- **Task instructions**
Exactly the lines from the one with "Polo Ralph Lauren" to the end of the listing must be repeated, both ends included, with nothing added.

___ Data for this task

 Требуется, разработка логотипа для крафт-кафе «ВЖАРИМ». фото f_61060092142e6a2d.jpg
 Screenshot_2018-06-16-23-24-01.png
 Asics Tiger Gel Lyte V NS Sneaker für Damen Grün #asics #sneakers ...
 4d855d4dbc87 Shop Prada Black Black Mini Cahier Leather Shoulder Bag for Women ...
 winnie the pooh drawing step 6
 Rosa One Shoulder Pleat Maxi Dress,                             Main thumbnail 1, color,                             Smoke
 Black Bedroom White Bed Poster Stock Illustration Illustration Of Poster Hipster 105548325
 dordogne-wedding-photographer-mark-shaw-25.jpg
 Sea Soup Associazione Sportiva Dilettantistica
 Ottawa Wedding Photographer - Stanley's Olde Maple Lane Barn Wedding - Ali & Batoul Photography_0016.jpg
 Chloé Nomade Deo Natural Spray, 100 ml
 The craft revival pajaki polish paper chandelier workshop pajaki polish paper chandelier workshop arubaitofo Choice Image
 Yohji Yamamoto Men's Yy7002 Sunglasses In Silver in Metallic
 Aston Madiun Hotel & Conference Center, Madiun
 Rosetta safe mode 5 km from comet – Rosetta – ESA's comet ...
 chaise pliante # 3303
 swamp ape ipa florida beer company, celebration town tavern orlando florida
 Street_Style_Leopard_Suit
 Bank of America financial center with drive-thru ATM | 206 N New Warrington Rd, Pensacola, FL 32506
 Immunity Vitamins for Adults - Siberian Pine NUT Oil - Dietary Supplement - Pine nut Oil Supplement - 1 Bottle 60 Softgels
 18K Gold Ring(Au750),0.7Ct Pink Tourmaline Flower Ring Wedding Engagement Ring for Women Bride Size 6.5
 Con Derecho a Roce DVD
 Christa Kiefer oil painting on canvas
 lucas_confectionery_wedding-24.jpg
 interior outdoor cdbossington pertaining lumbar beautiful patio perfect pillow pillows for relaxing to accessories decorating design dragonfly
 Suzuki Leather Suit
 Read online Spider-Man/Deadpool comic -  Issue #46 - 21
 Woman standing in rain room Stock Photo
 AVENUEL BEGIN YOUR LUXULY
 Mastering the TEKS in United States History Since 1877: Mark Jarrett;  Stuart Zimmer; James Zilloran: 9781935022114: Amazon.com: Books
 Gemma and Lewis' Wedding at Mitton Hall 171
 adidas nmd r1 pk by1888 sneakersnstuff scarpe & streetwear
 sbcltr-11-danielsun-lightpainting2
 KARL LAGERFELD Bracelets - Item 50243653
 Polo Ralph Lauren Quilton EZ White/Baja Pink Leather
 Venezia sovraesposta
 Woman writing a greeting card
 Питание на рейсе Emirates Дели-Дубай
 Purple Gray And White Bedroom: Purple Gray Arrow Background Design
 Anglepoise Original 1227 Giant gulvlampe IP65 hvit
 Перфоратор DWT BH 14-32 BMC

______

- **Answer to this task**
 Polo Ralph Lauren Quilton EZ White/Baja Pink Leather
 Venezia sovraesposta
 Woman writing a greeting card
 Питание на рейсе Emirates Дели-Дубай
 Purple Gray And White Bedroom: Purple Gray Arrow Background Design
 Anglepoise Original 1227 Giant gulvlampe IP65 hvit
 Перфоратор DWT BH 14-32 BMC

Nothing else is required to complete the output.